Abstract
INTRODUCTION
To examine the extent to which positron emission tomography (PET)-, cerebrospinal fluid (CSF)-, and plasma-related amyloid-β/tau/neurodegeneration (A/T/N) biomarkers are associated with Alzheimer’s disease (AD) neuropathology at autopsy.
METHODS
A total of 100 participants who respectively underwent antemortem biomarker measurements and postmortem neuropathology were included in the Alzheimer’s Disease Neuroimaging Initiative (ADNI). We examined the associations of PET-, CSF-, and plasma-related A/T/N biomarkers in combinations or alone with AD neuropathological changes (ADNC).
RESULTS
PET- and CSF-related A/T/N biomarkers in combination showed high concordance with the ADNC stage and alone showed high accuracy in discriminating autopsy-confirmed AD. However, the plasma-related A/T/N biomarkers alone showed better discriminative performance only when combined with apolipoprotein E (APO)E ε4 genotype.
DISCUSSION
This study supports that PET- and CSF-related A/T/N profiles can be used to predict accurately the stages of AD neuropathology.
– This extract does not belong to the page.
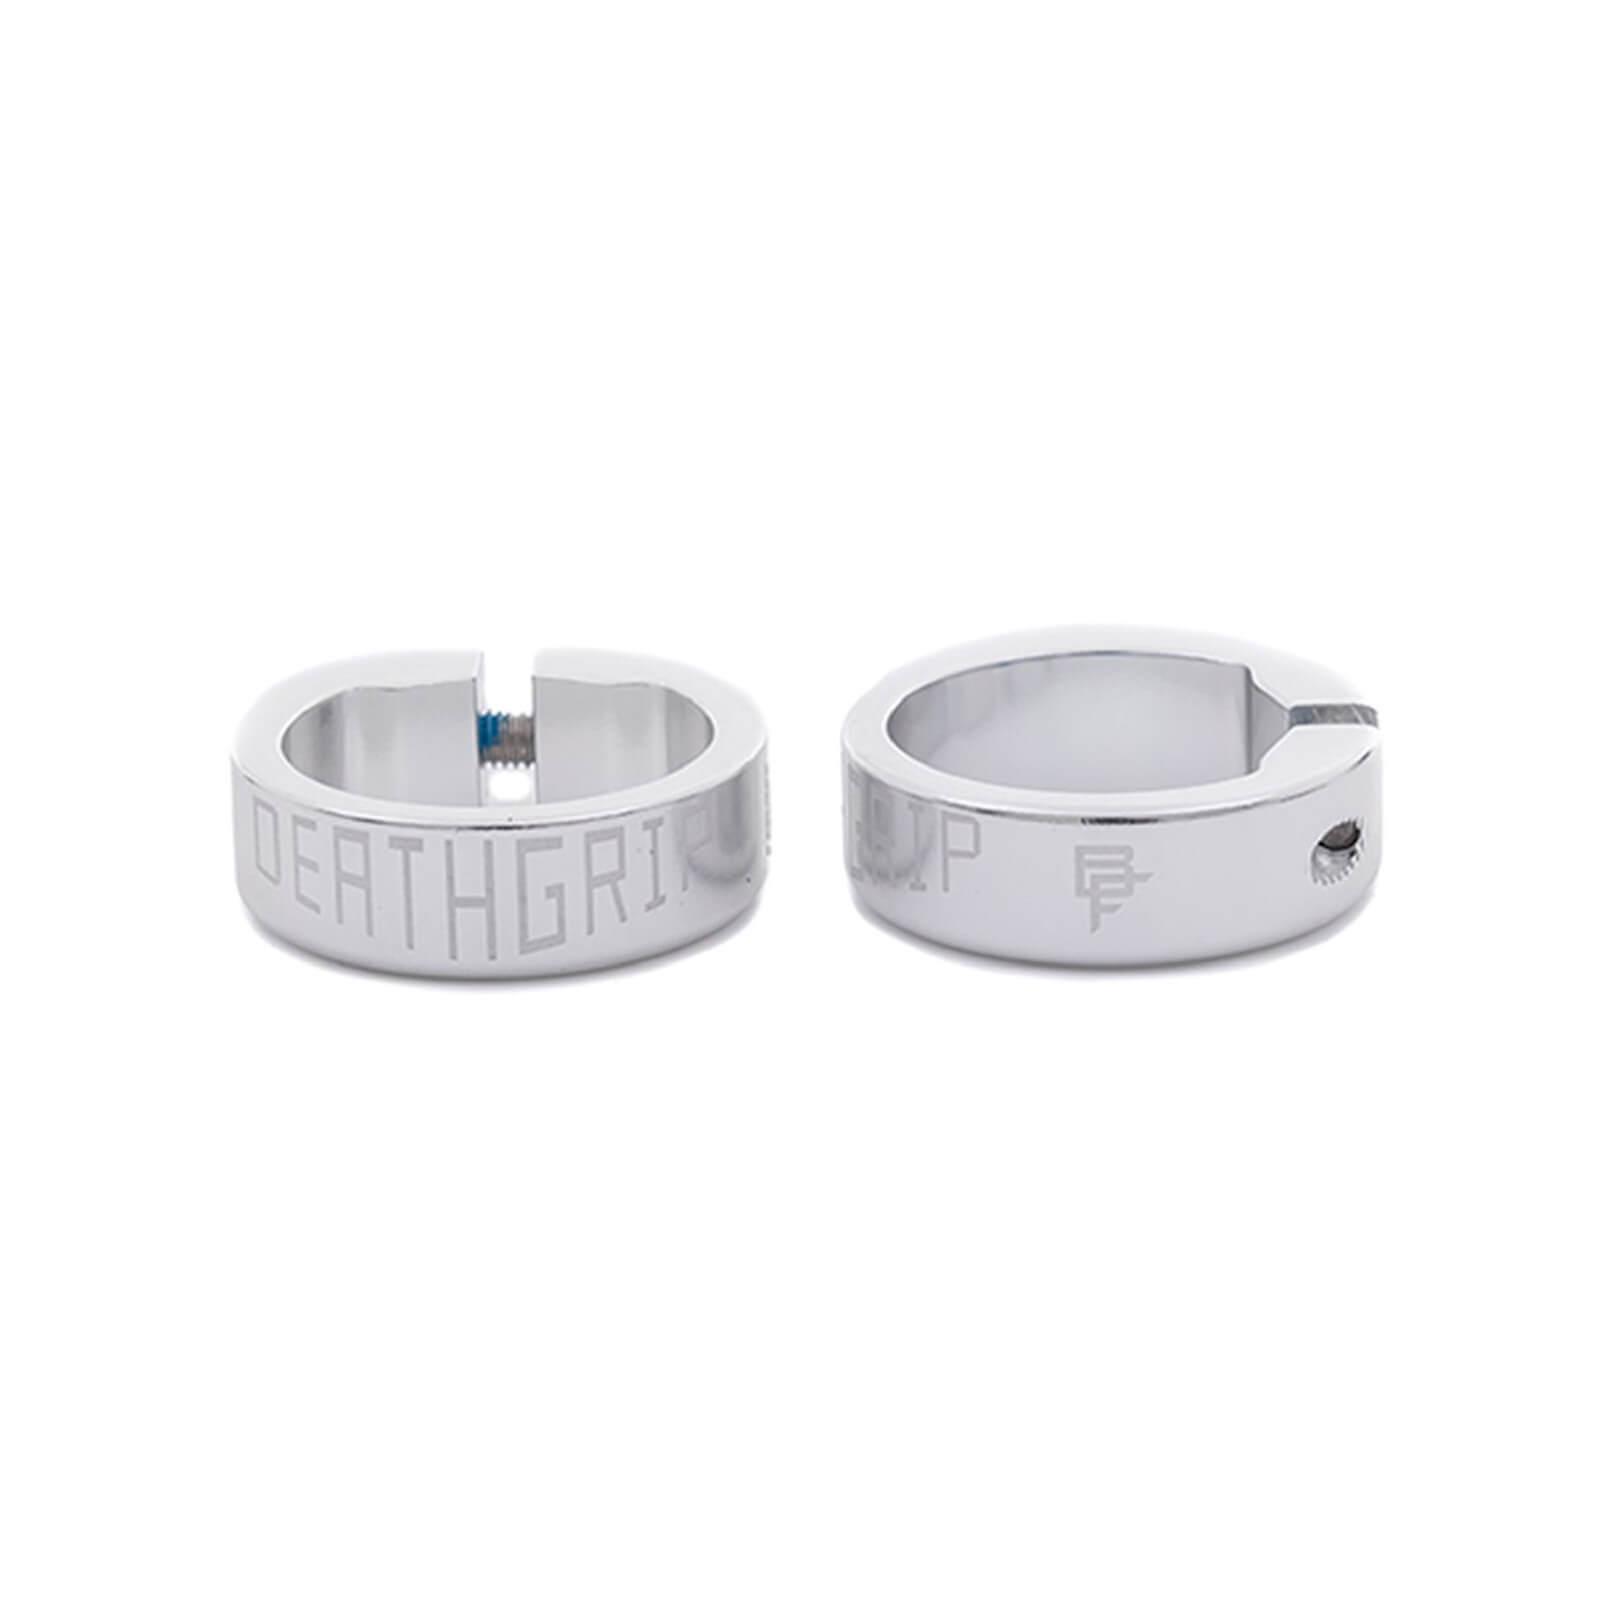 DMR Deathgrip Collar - Silver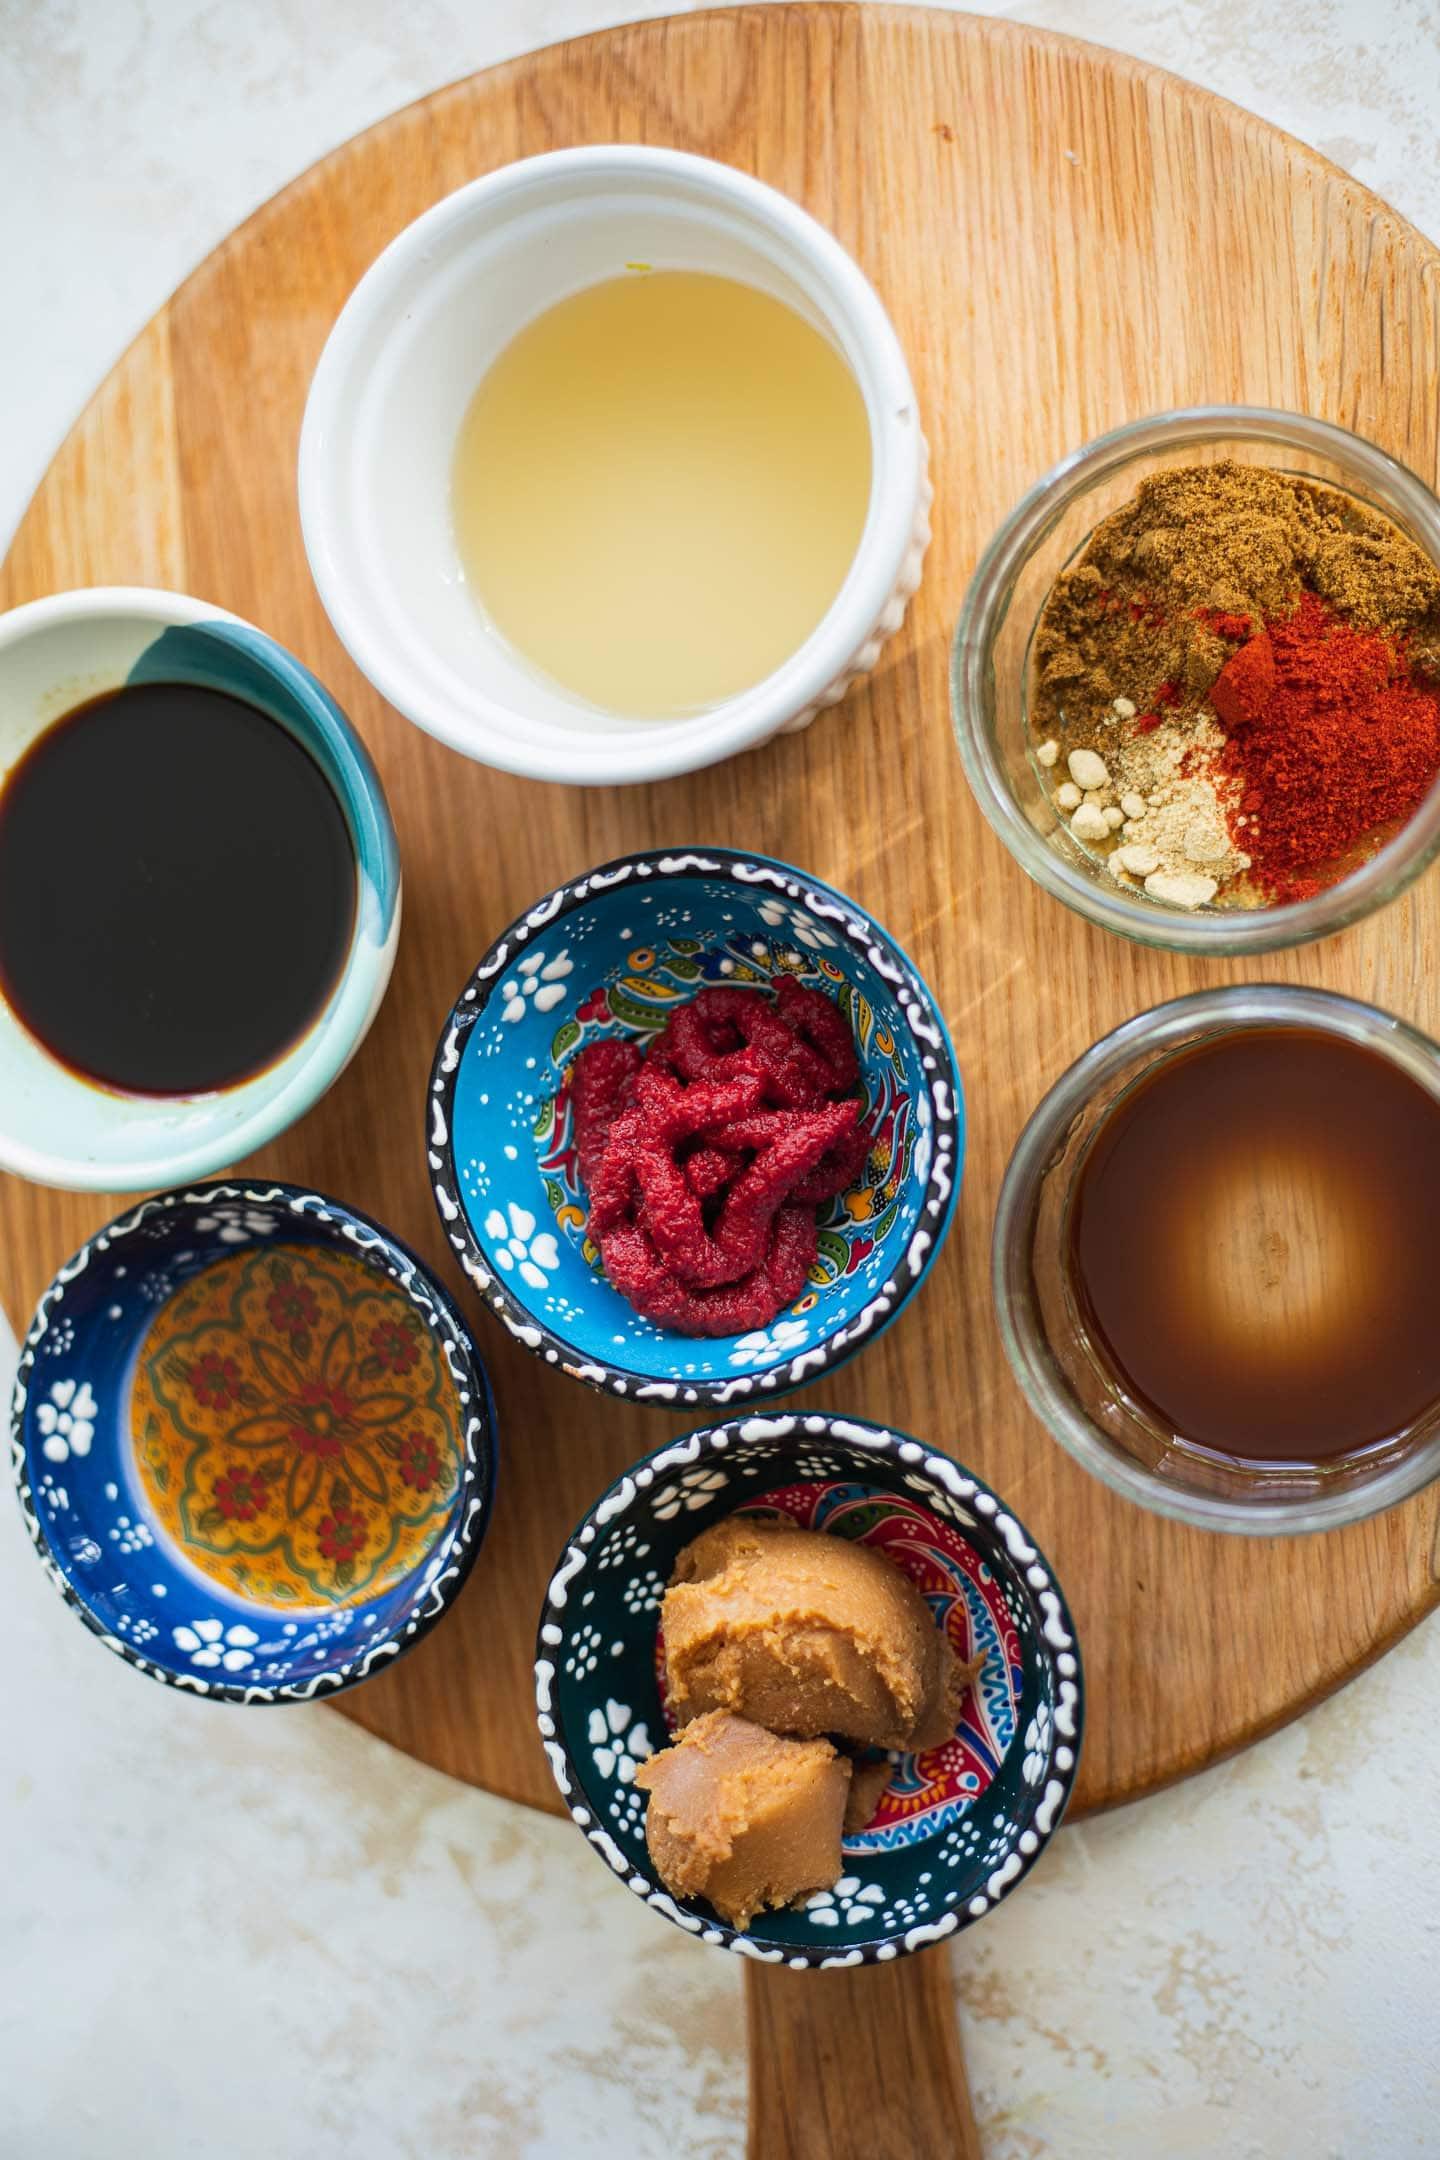 Ingredients for a vegan miso glaze

For diagnostic settings, PET-, CSF-, and plasma-related A/T/N biomarkers are all useful diagnostic tools to detect the presence of AD neuropathology.
HIGHLIGHTS
PET- and CSF-related A/T/N biomarkers in combination can accurately predict the specific stages of AD neuropathology.
PET- and CSF-related A/T/N biomarkers alone may serve as a precise diagnostic tool for detecting AD neuropathology at autopsy.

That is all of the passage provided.